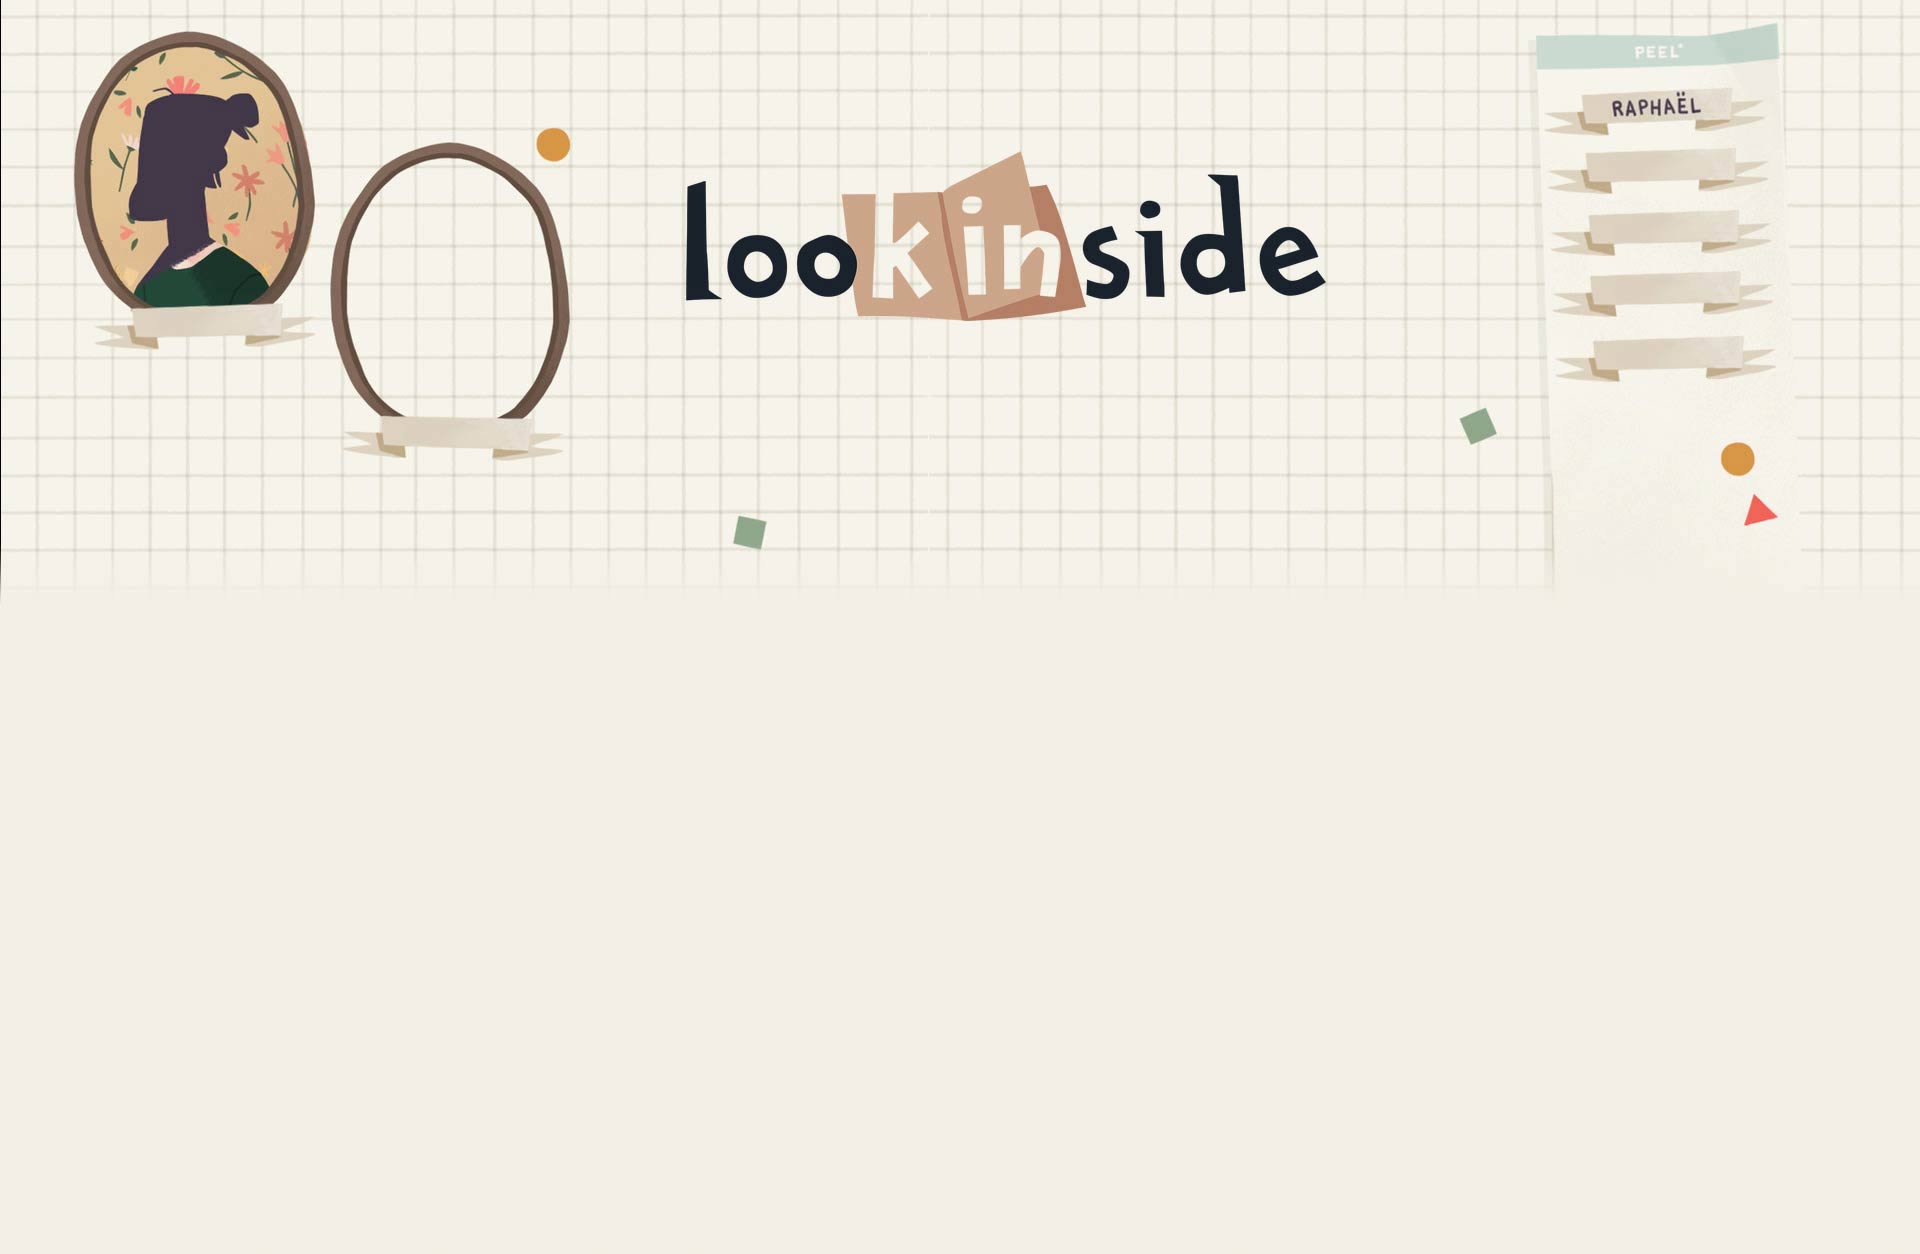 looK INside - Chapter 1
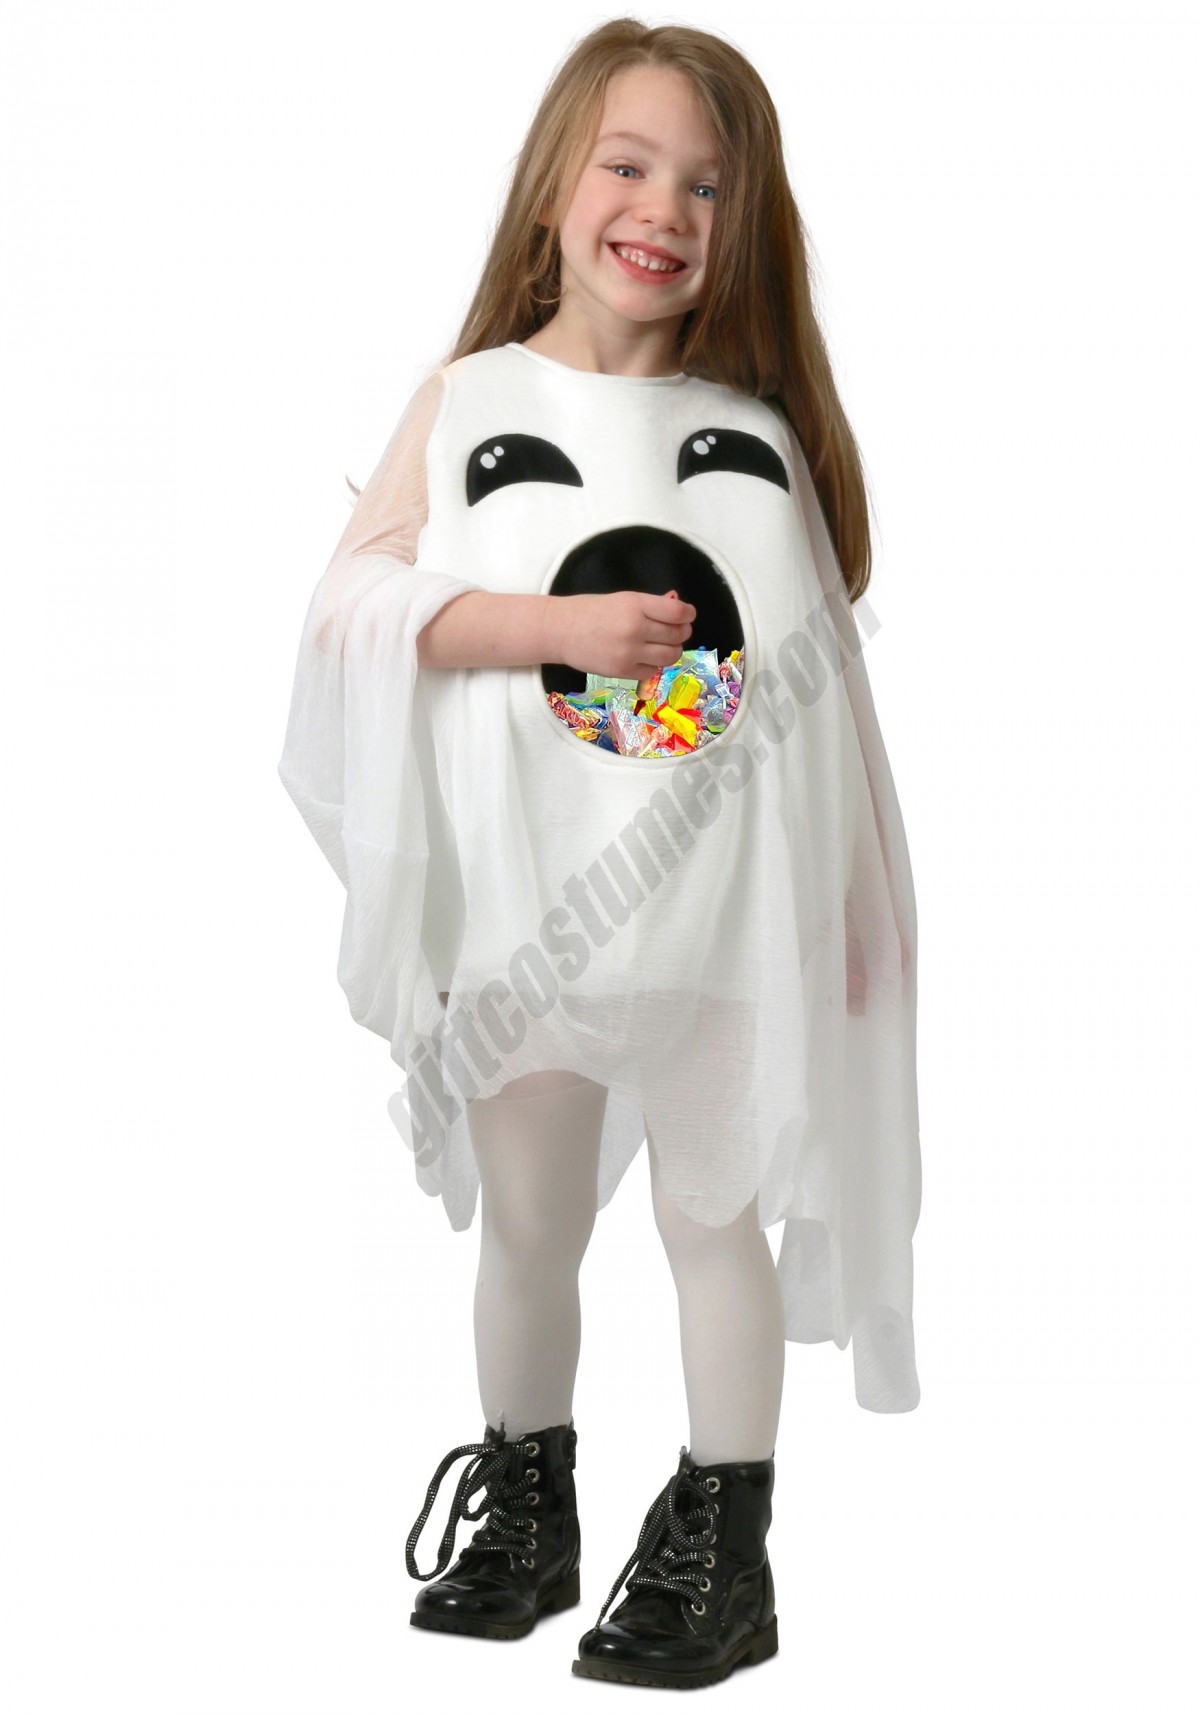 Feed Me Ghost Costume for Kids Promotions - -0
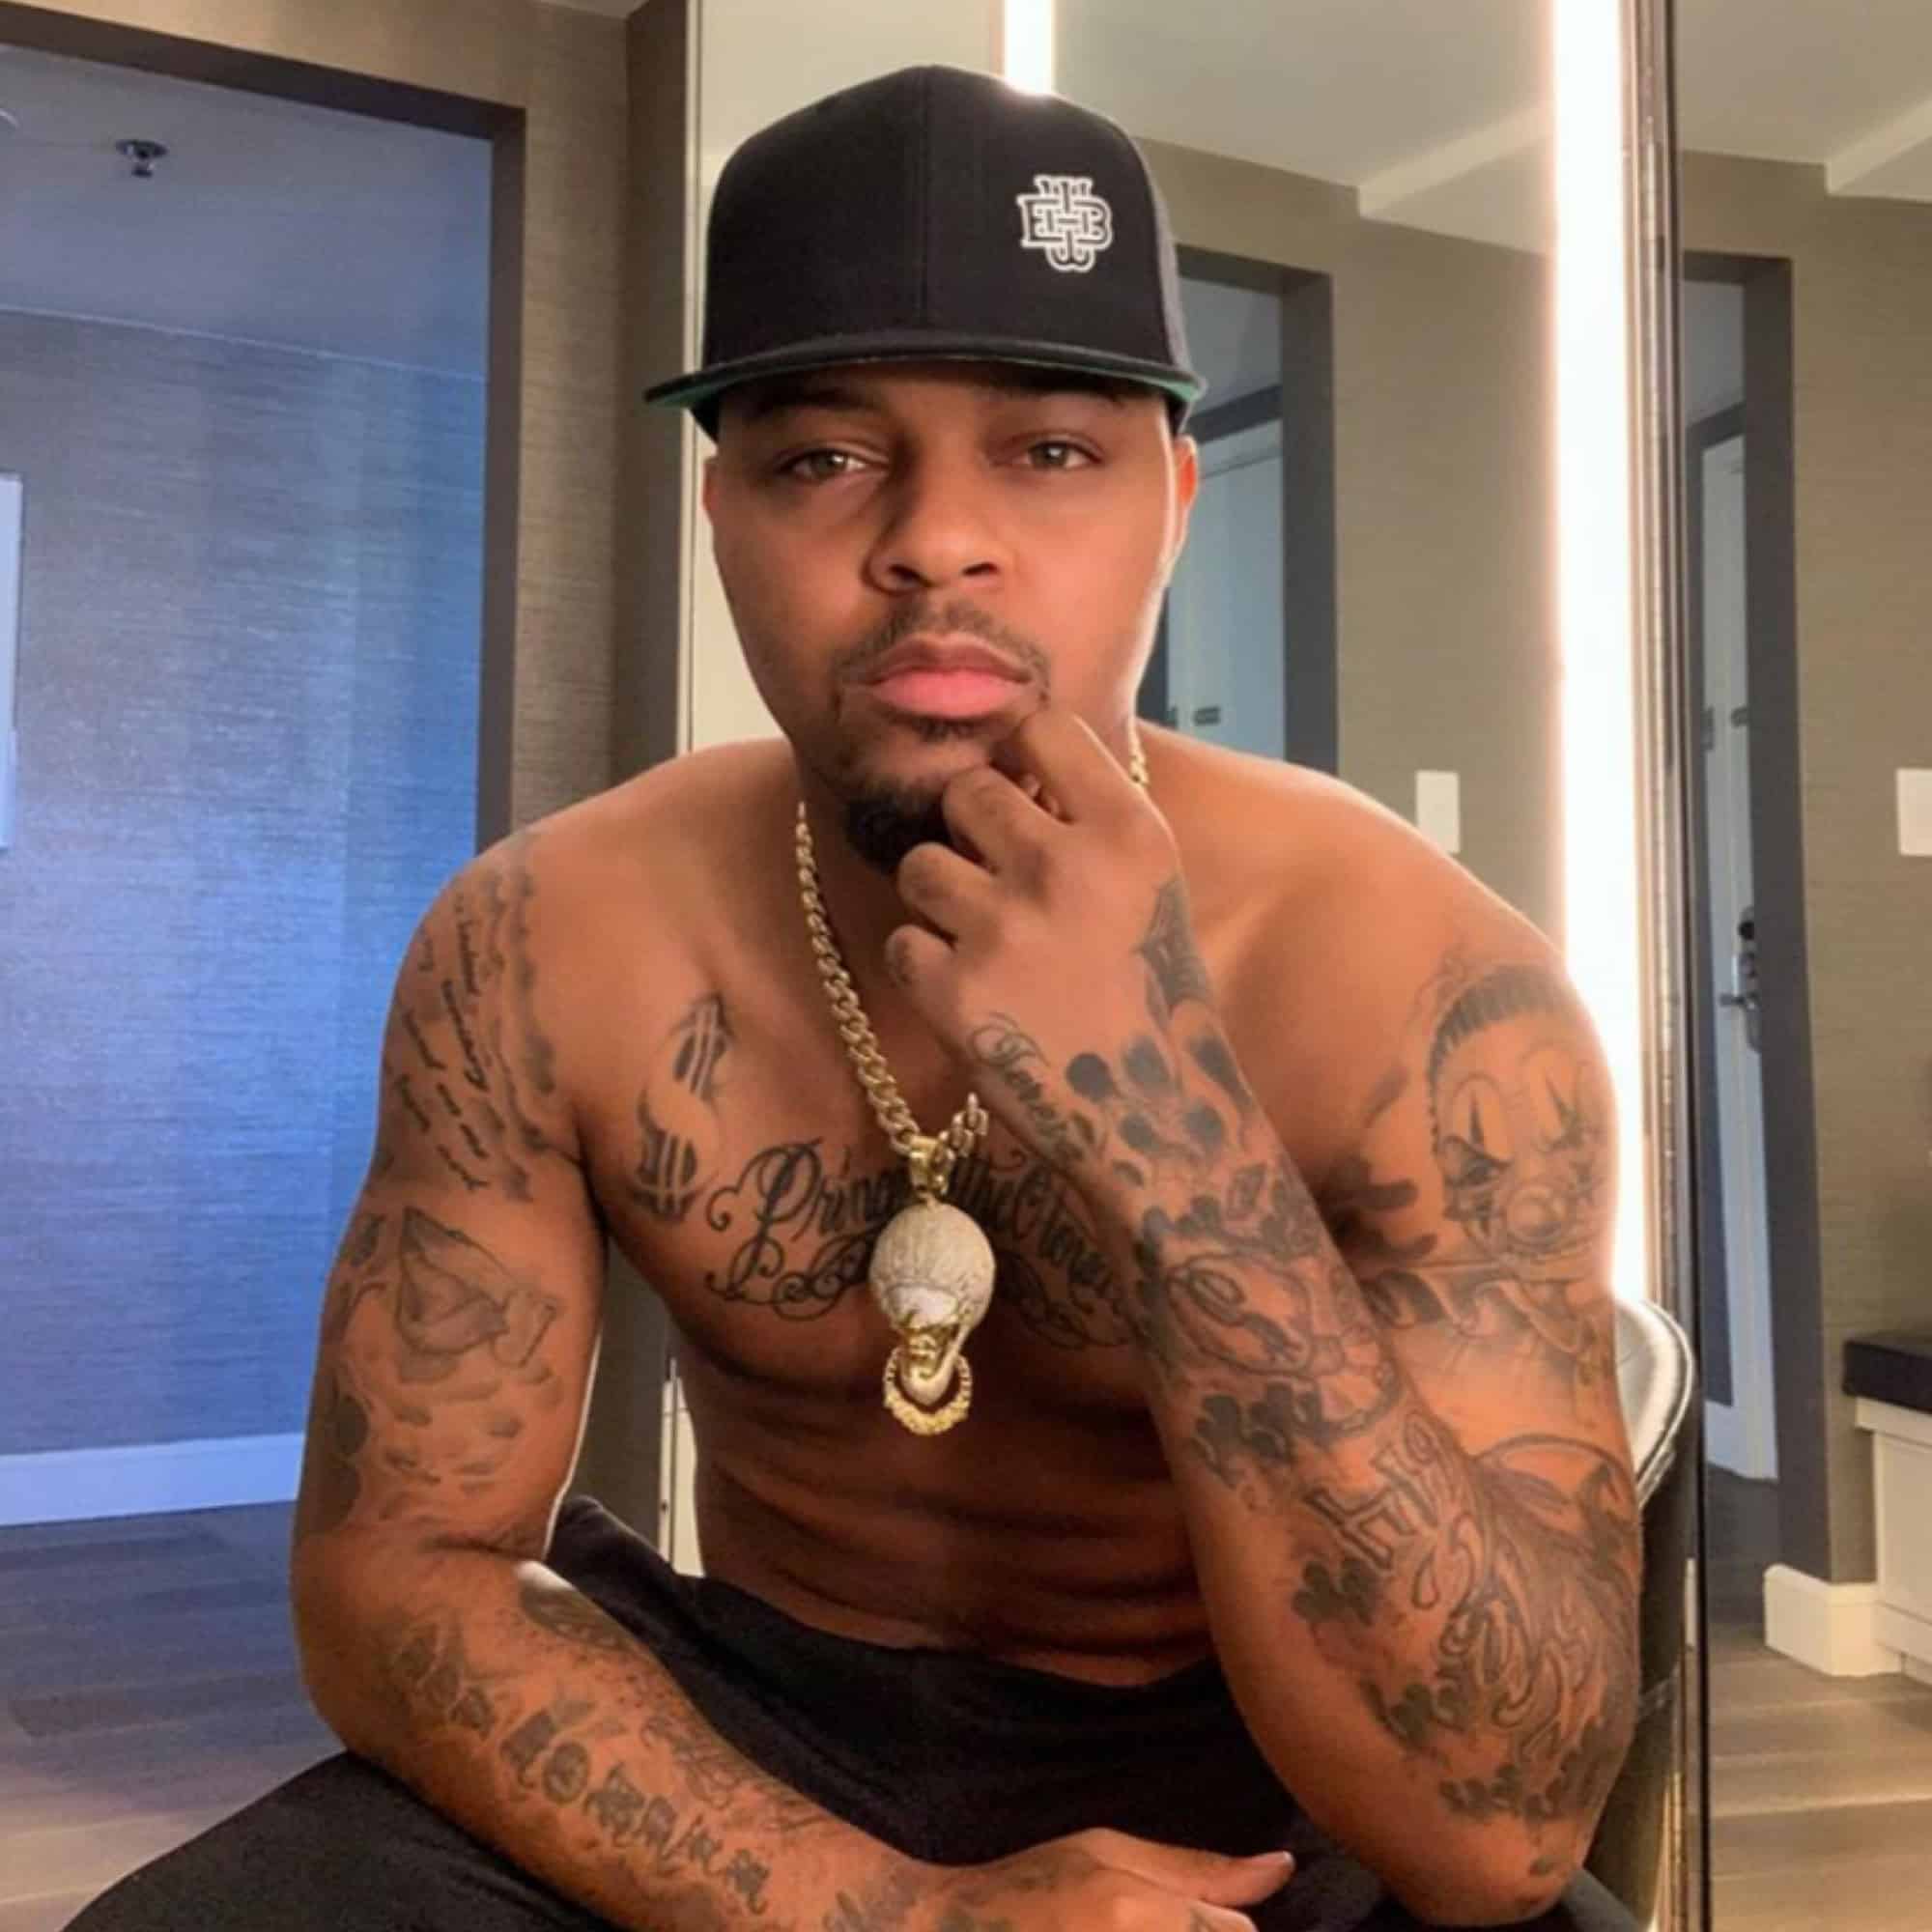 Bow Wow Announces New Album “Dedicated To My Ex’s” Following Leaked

_____

• [What you will do] Print the material above verbatim except the pictures.

• [Task response]
 looK INside - Chapter 1
 Feed Me Ghost Costume for Kids Promotions - -0
 Bow Wow Announces New Album “Dedicated To My Ex’s” Following Leaked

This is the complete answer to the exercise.